Pagi hari setelah hujan, dimana orang-orang terburu-buru karena banyak yang telat keluar rumah, termasuk ratusan anak SMP dan SMA yang mengendarai motor menuju sekolahnya. Namun betapa kaget mereka ketika ada razia tiba-tiba disebuah sudut jalan dimana mereka sulit menghindar.
Beberapa berinisiatif menghidar dengan memutar balik, namun tak ada guna karena beberapa polisi sigap menghadang mereka, beberapa menunjukkan muka marah, menyerah, sebagian takut karena terancam terlambat ke sekolah, namun beberapa tampak sudah biasa bahwa ini resiko yang harus mereka tanggung sebagai pengemudi tanpa surat ijin mengemudi. Akhirnya mereka harus antri menerima surat tilang dan sebagian lagi menyelesaikannya di pengadilan dadakan dan berakhir dengan merelakan 10 hari uang jajannya untuk membayar denda.
Pengemudi yang berusia SMA dan sebagian SMP ini memang semacam buah simalakama. Bagaimana tidak, dalam kondisi transportasi masal yang buruk ini hampir tak ditemukan pilihan moda transportasi yang aman, nyaman dan tepat waktu untuk mengantarnya ke sekolah. Banyak jalan yang tak dilalui moda transportasi masal yang tepat waktu dan nyaman. Salah satunya di Jalan Samas yang membentang antara Bantul dan Samas. Di sepanjang Jalan ini terdapat beberapa sekolah SMA dan SMK, namun Bis umum yang melayani trayek ini dapat di hitung dengan jari dari satu tangan. Itupun kondisinya mengenaskan dan waktu tunggunya luar biasa lama.

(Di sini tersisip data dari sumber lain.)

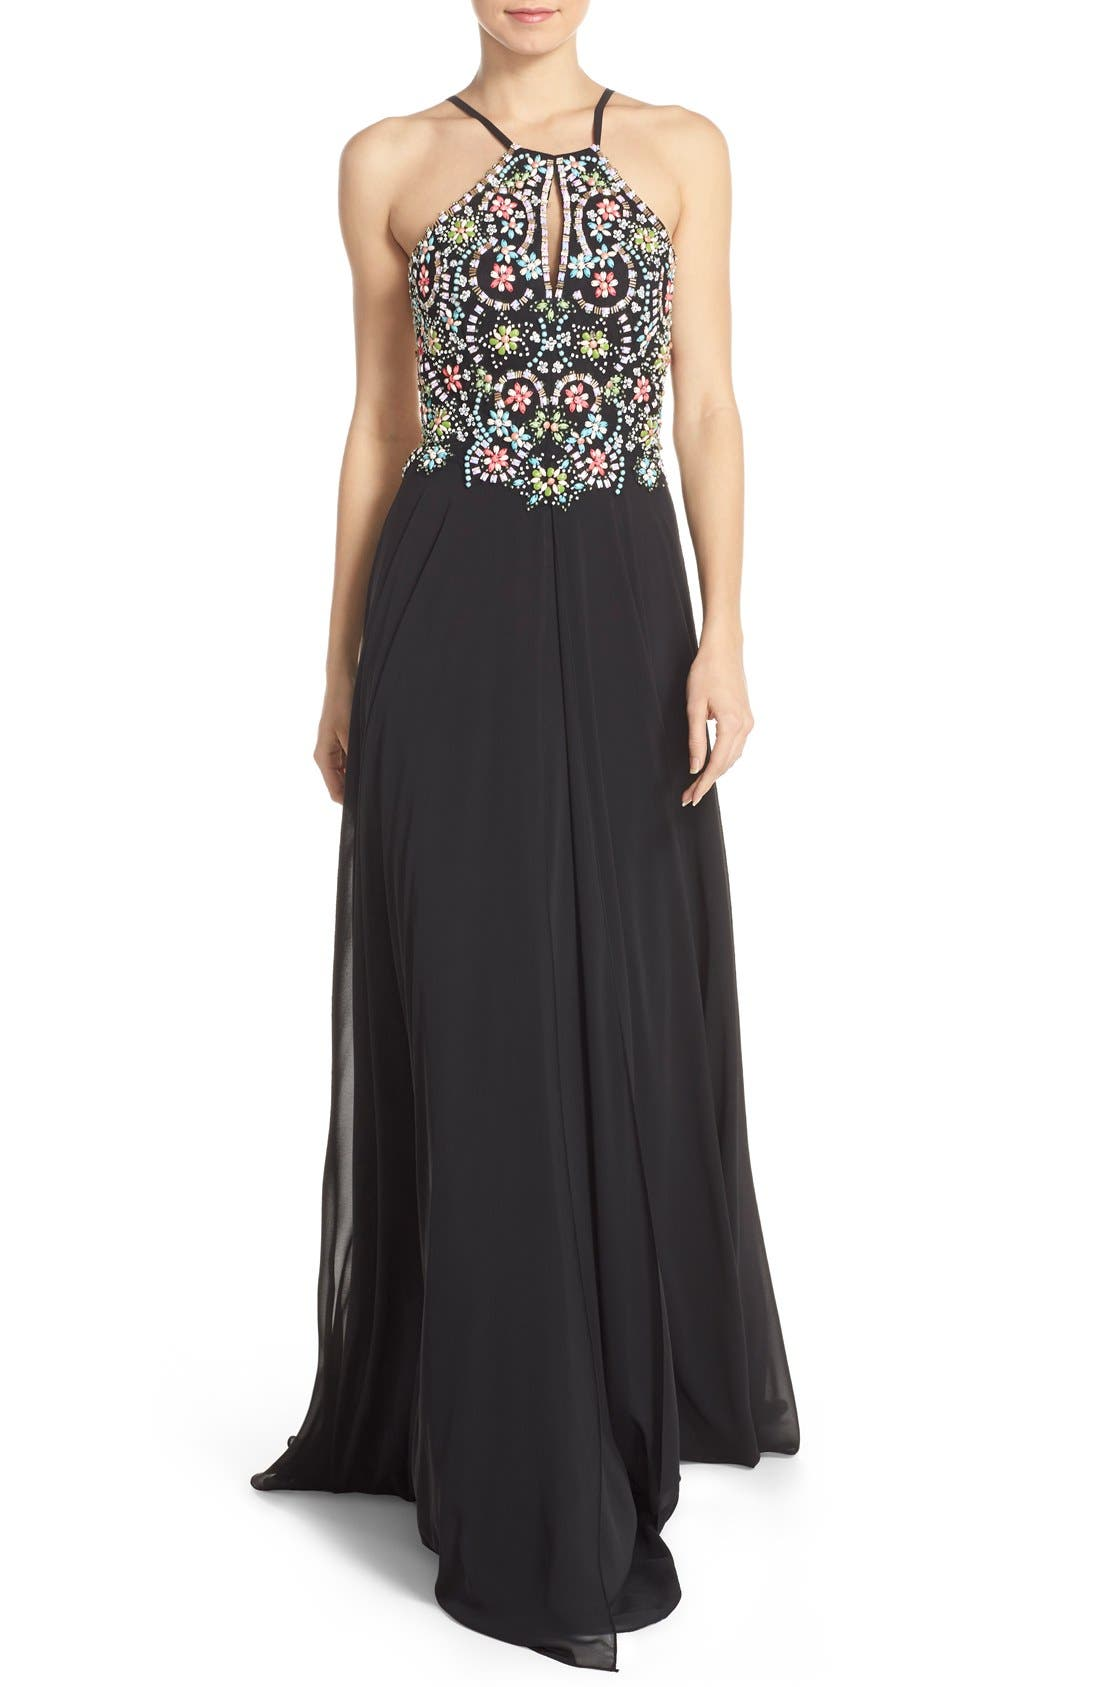 Main Image - Faviana Embellished Chiffon Fit & Flare Gown

Dalam kondisi semacam ini pilihan yang bisa diambil adalah naik sepeda, diantar orang tua, atau naik motor sendiri. Beberapa anak yang jarak tempuhnya dekat memilih untuk naik sepeda, walapun dalam era “gaul” ini sepeda menjadi pilihan kedua ketiga atau terakhir yang dipilih. Disamping dianggap lama waktu tempuhnya juga dianggap kurang gaul, hanya beberapa anak saja yang tetap menggunakannya karena tak ada pilihan lain. Beberapa orang tua sadar dengan resiko anak ketika dibiarkan mengendarai motor sendiri, lalu mengantarkan anaknya setiap pagi, namun bagi orang tua yang harus juga mengejar jam absen kantor pilihan ini menjadi pilihan kedua, ketiga dan bahkan terakhir. Mengingat banyak orangtua di Bantul bekerja di Jogja yang arahnya ke utara sedangkan mayoritas sekolah di Jalan Samas justru berangkat ke arah selatan.

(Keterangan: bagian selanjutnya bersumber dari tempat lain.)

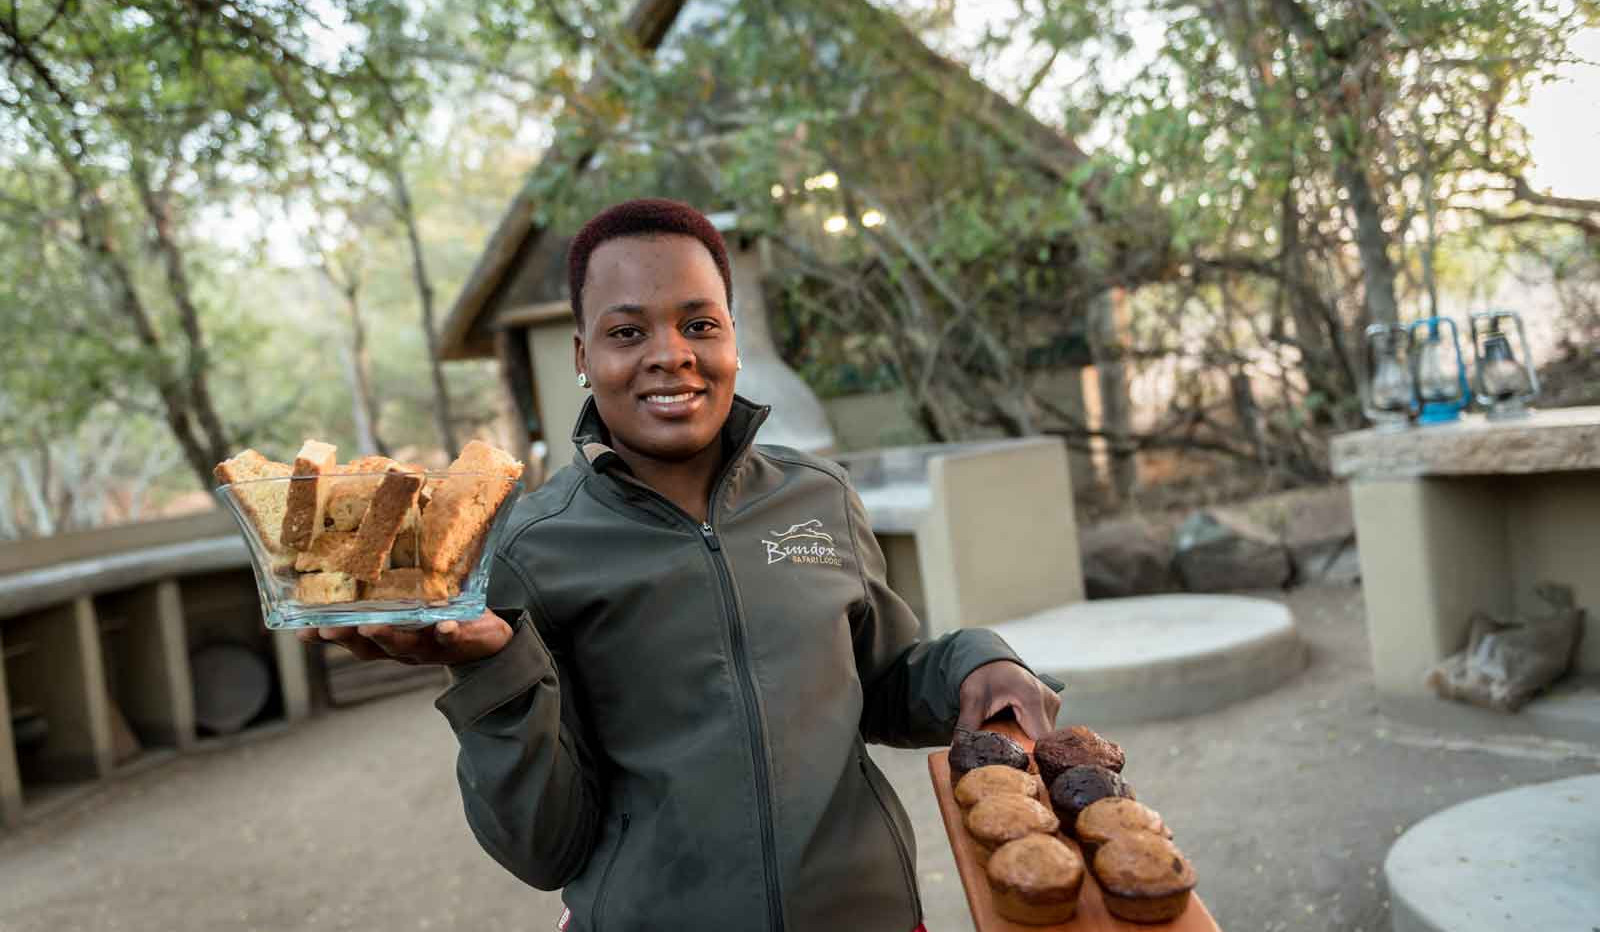 6-bundox-person-muffins.jpg

Pilihan ketiga justru yang paling banyak di pilih anak-anak SMA dan SMK, membawa motor sendiri ke sekolah. Disamping lebih gaul, bisa sambil memboncengkan pacar atau gebetan pilihan ini diangap praktis bagi banyak orang tua. Karena tak harus mengantar, anak-anak cepat mencapai sekolah, dan kelihatan tidak seperti anak orang susah.
Fenomena ini dapat dilihat tiap pagi dimana jalan Samas Bantul dipenuhi dengan anak-anak SMA dan SMK yang mengendari motor sendiri ke sekolah. Beberapa juga masih berseragan SMP yang jelas belum usianya memiliki Surat Ijin Mengemudi.
Di satu sisi, motor bagi mereka ini menjadi sebuah kebutuhan mengingat kondisi transportasi yang buruk, namun di sisi lain ini secara aturan dan keselamatan pilihan ini mengandung bahaya bagi anak-anak itu sendiri. Lalu bagaimana kemudian?
Sayangnya memang penggunaan motor ke sekolah bagi anak SMA ini sudah menjadi semacam budaya. Ada semacam keharusan anak ketika Masuk SMA untuk bisa mengendarai motor, bahkan beberapa orangtua membelikan motor baru untuk anaknya yang masuk SMA. Karenanya model prilaku ini tak akan dengan serta merta berubah dengan dihadirkannya moda transportasi pilihan, misalnya bis umum yang memadai, tanpa disertai kesulitan menggunakan motor bagi anak SMA.
Maka pemerintah daerah memang harus mulai bepikir jauh kedepan untuk mengubah pola pikir masyarakat terkait dengan pilihan transportasi ini. Tentu saja sat langkah yang harus dilakukan adalah menyediakan tranportasi masal bagi anak-anak SMA ini sebagai pilihan utama bagi ereka menuju ke sekolah. Disamping penerapan aturan yang lebih ketat terhadap pengendara motor usia anak.